◆ Data for this task:
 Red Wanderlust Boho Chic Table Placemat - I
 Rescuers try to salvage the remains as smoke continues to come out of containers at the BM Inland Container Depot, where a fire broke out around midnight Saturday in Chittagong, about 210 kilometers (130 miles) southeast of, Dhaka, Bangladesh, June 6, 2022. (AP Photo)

---

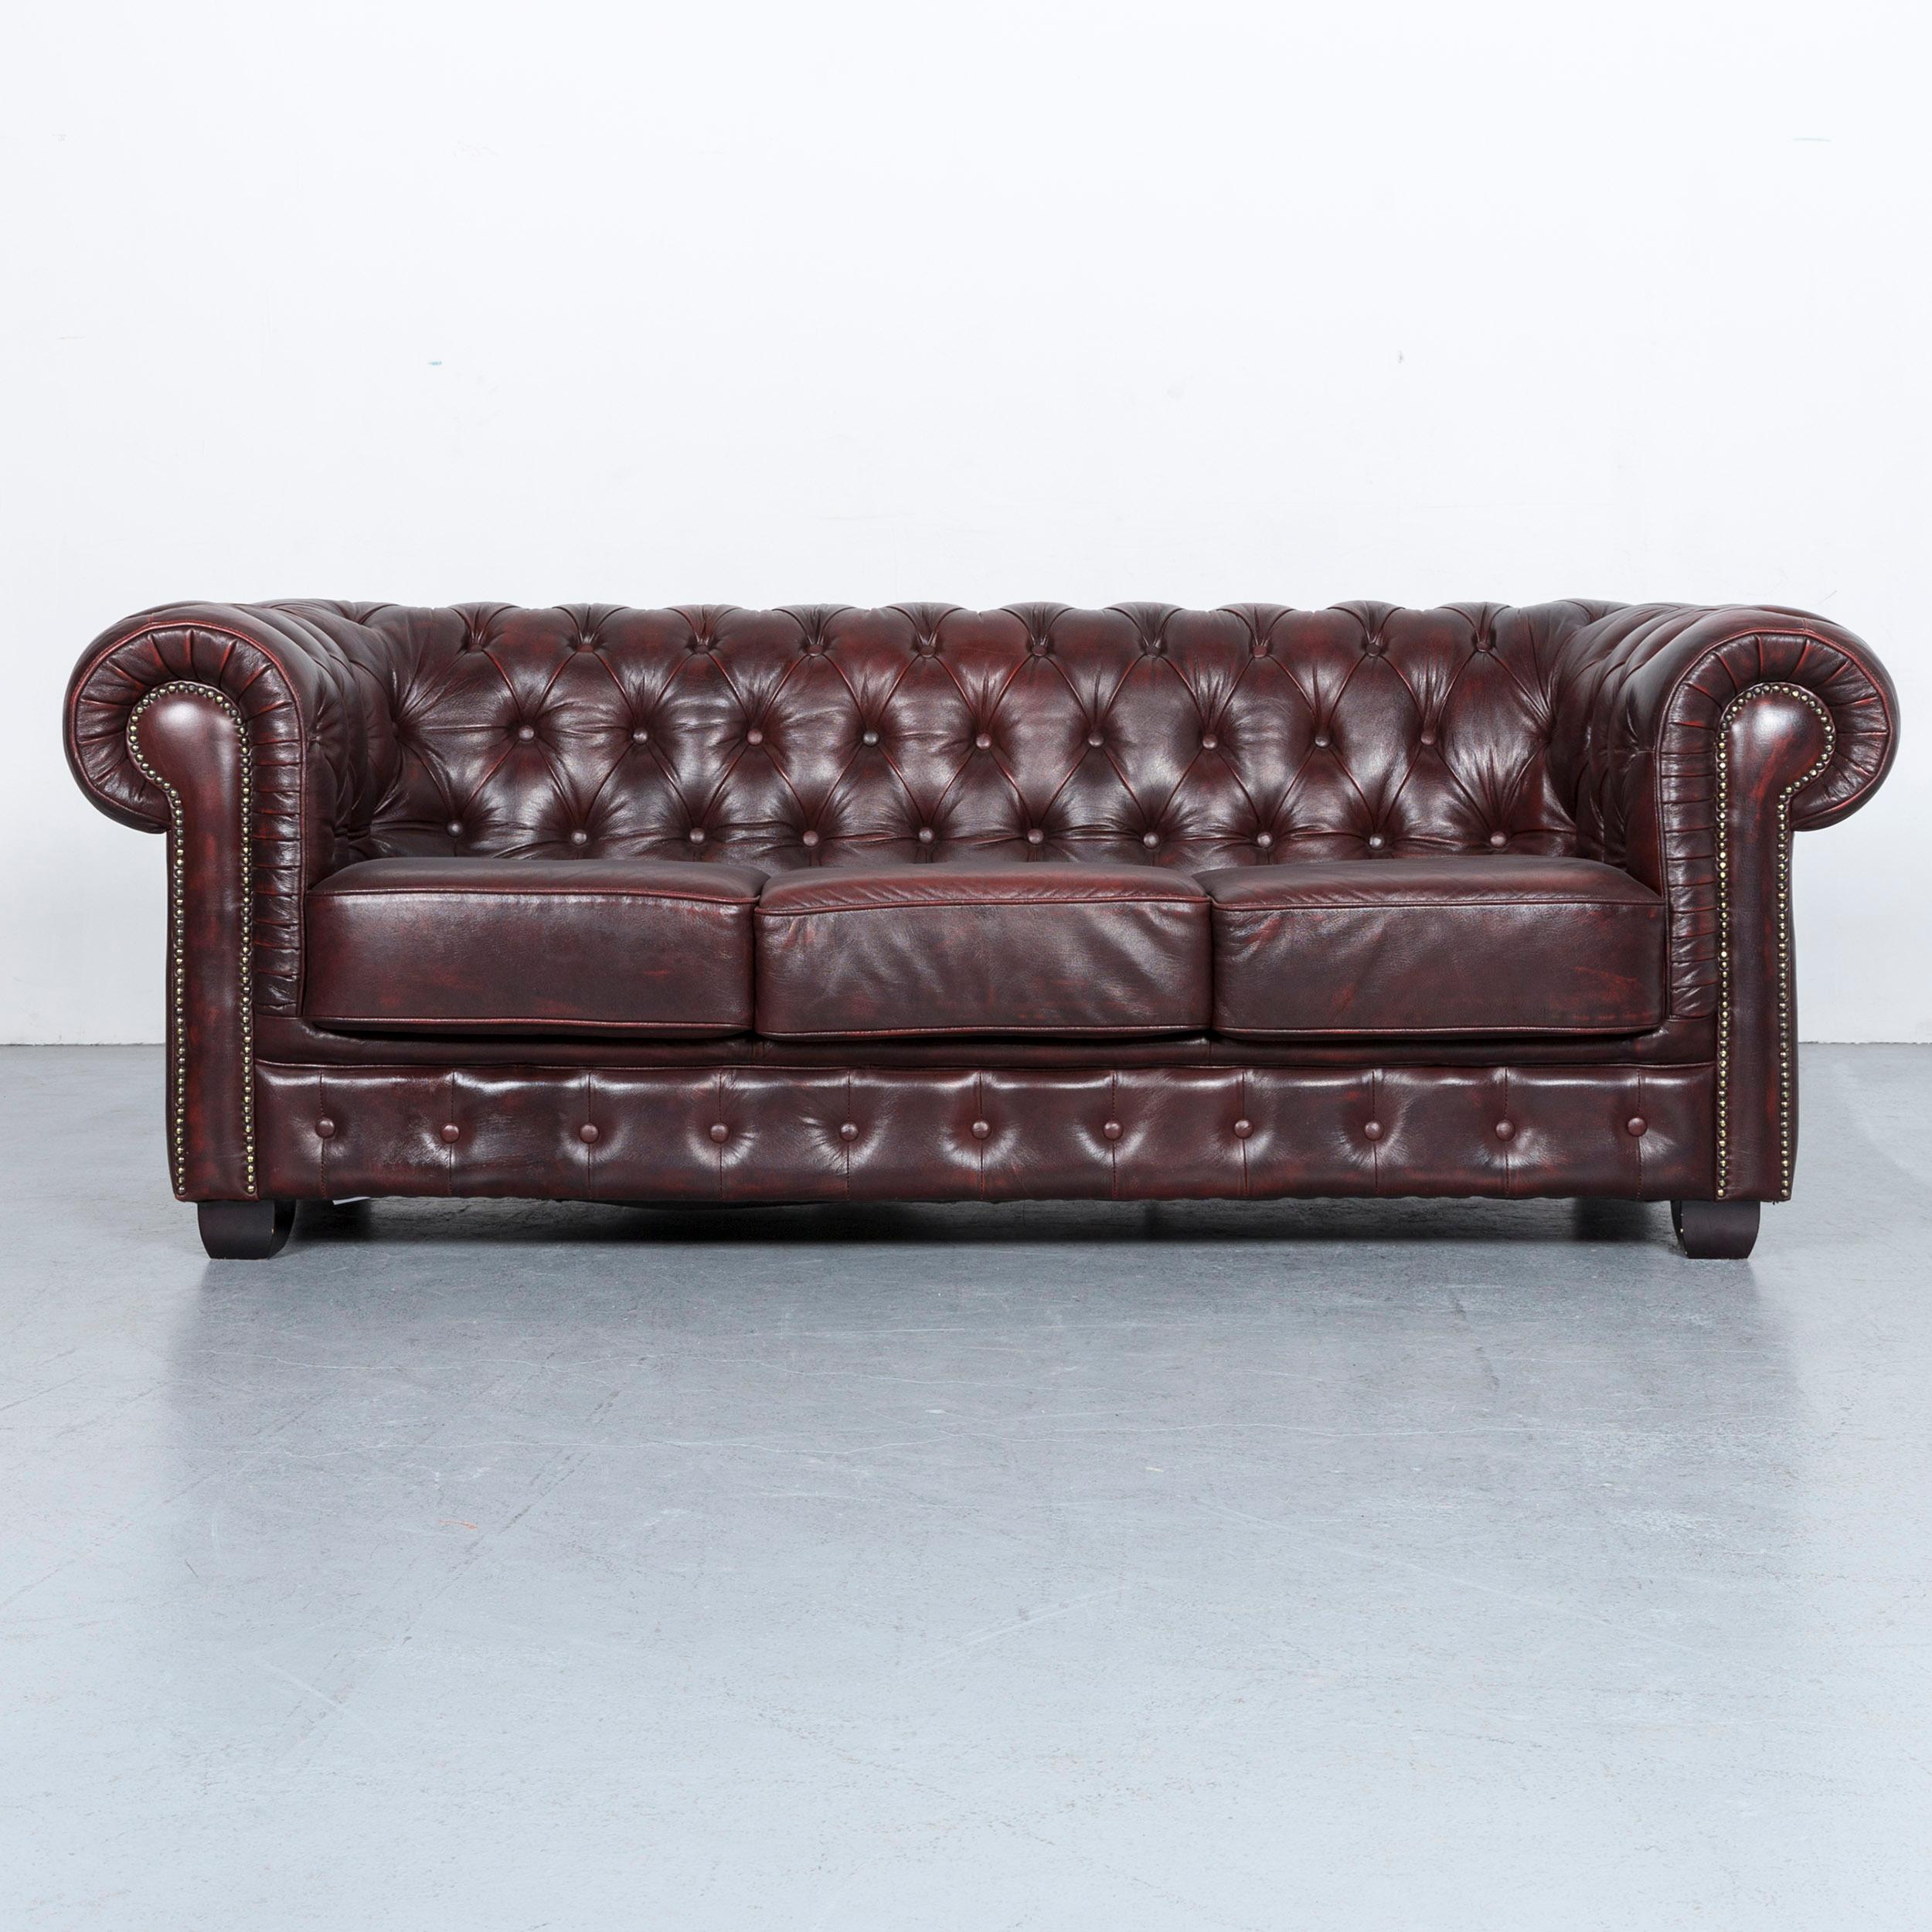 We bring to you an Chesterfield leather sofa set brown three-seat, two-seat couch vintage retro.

---

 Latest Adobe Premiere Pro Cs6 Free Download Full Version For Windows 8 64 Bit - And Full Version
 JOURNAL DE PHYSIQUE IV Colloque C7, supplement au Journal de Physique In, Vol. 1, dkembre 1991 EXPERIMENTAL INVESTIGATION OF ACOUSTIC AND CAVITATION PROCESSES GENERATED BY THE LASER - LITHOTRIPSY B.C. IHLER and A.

◆ What is being asked: All lines above between those holding "Red Wanderlust Boho Chic Table Placemat - I" and "Rescuers try to", inclusive, must be set down unchanged, and no other line may be included.

◆ Solution to this problem:
 Red Wanderlust Boho Chic Table Placemat - I
 Rescuers try to salvage the remains as smoke continues to come out of containers at the BM Inland Container Depot, where a fire broke out around midnight Saturday in Chittagong, about 210 kilometers (130 miles) southeast of, Dhaka, Bangladesh, June 6, 2022. (AP Photo)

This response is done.